Recall the Gospel lesson we ready this morning – about God’s judgment with the sheep on one side, the goats on the other. We tend to see each “side” as a collection of virtuous or non-virtuous individuals. The gospel talks about gathering “the nations.”  The social gospel also can see each group as a whole culture – the United States, for example, all of us, judged, on whether we cared for the poor, the hungry, the sick. Are we Sheep?  Or Goats?

He has been one of a kind. He pushed on, in the worst of times. And yet he is but one of our kind:  a person moved by experience, thought, faith – who like all of us lived equal with others before God and was loved equally by God in God’s justice. That moral vision is something huge to strive for, as we are reminded as we celebrate the 50th anniversary of the signing of the Civil Rights Act.

And in that loving justice, we believe that God has brought Arch Stuart, as God intends for each of us, through this life and into a life far greater than we can ask or imagine.

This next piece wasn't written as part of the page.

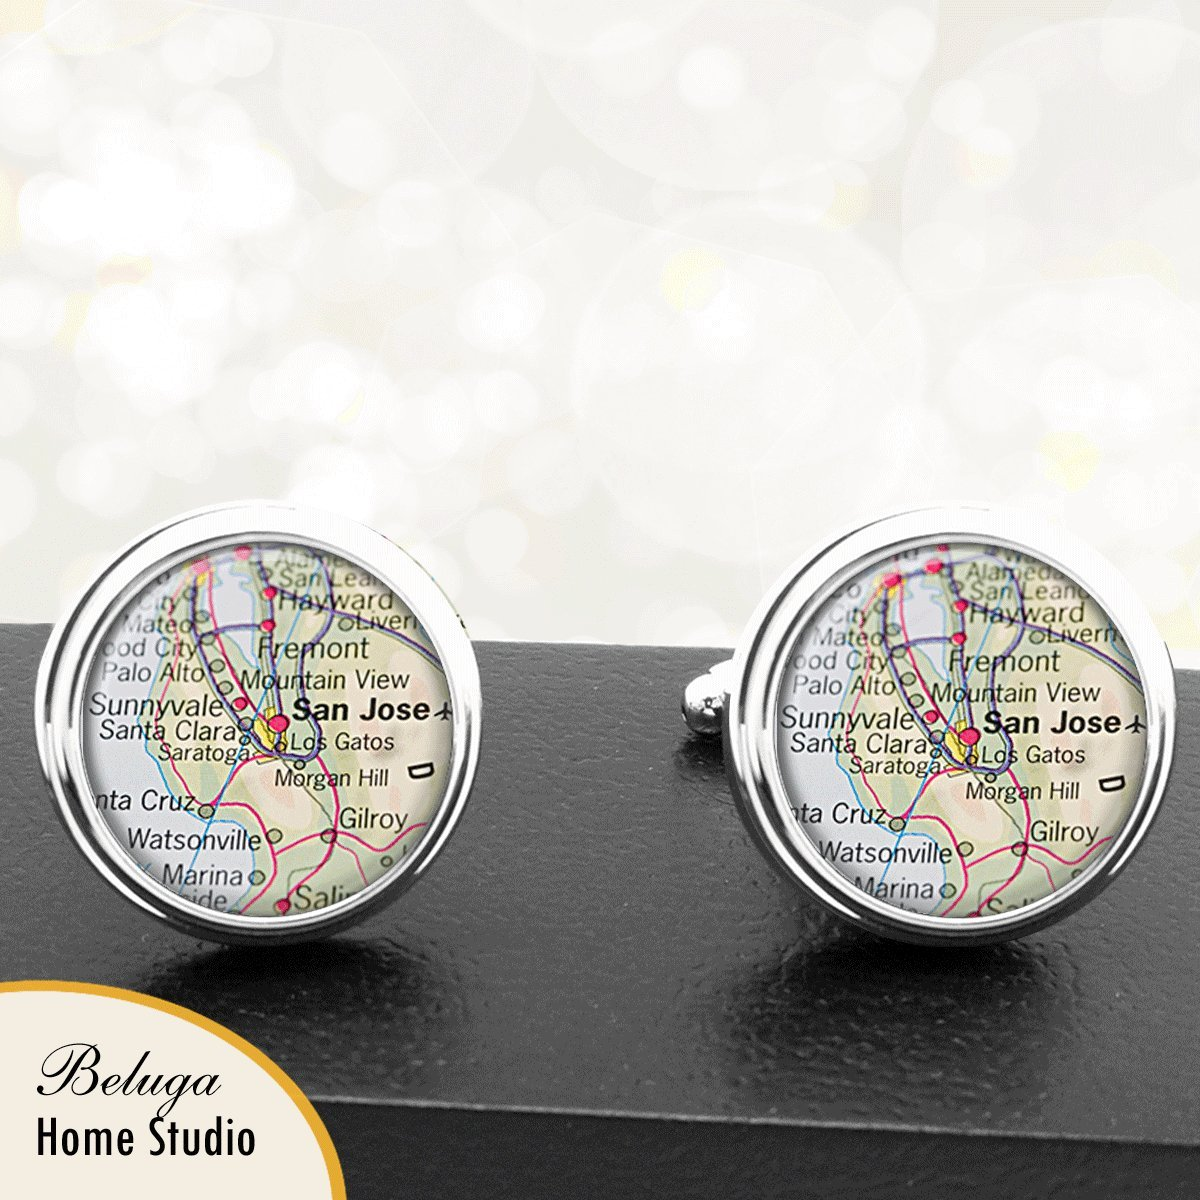 Amazon.com: Handmade Map Cuff Links San Jose CA USA City Cuff Links State of California: Handmade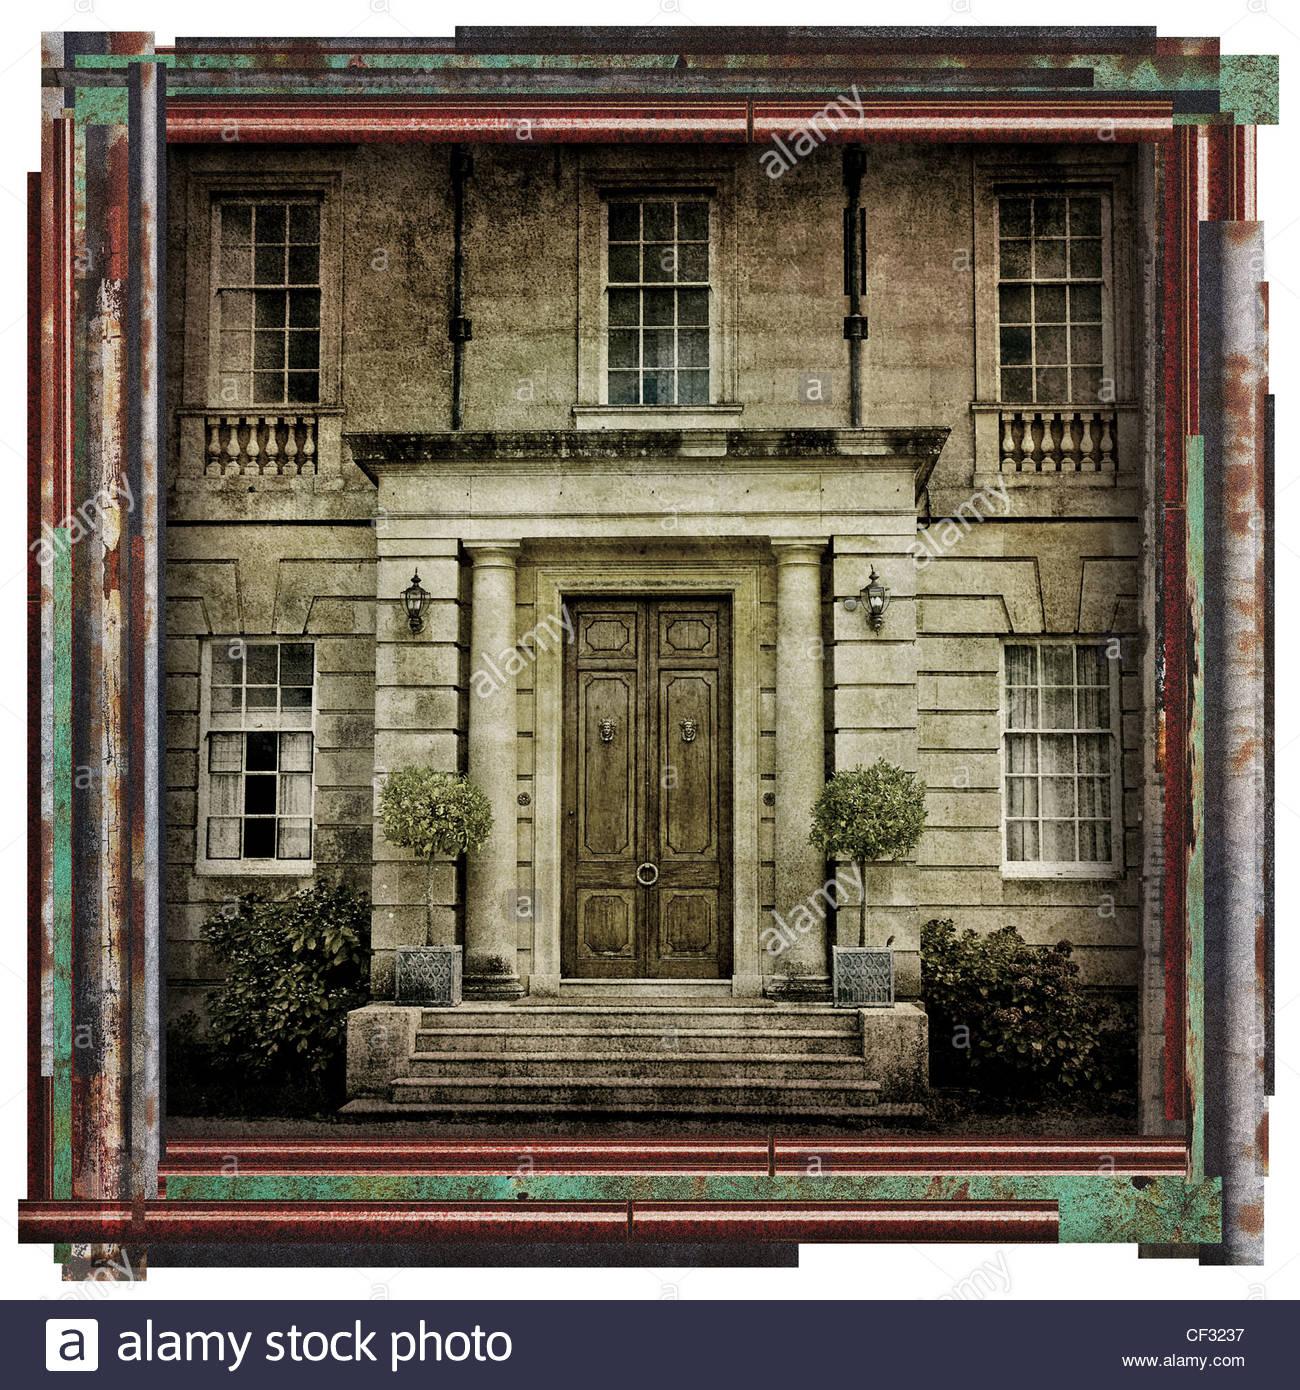 Regal House Stock Photos & Regal House Stock Images - Alamy

I hope in the new life there are some surprises for Arch: affirmation for those principles for which he lived his life?  Maybe an active clearing house for intercessory prayer?  Certainly a love that passes all understanding.

For us?  Arch leaves us a clear legacy. That last afternoon in the hospital, he held our hands, tightly, as he tried to tell us some last things. Then he drifted into a deep sleep. Something from deep inside me moved me to say quietly, “Arch, we will carry on.”

To the glory of God and the well-being of all people. May it be so.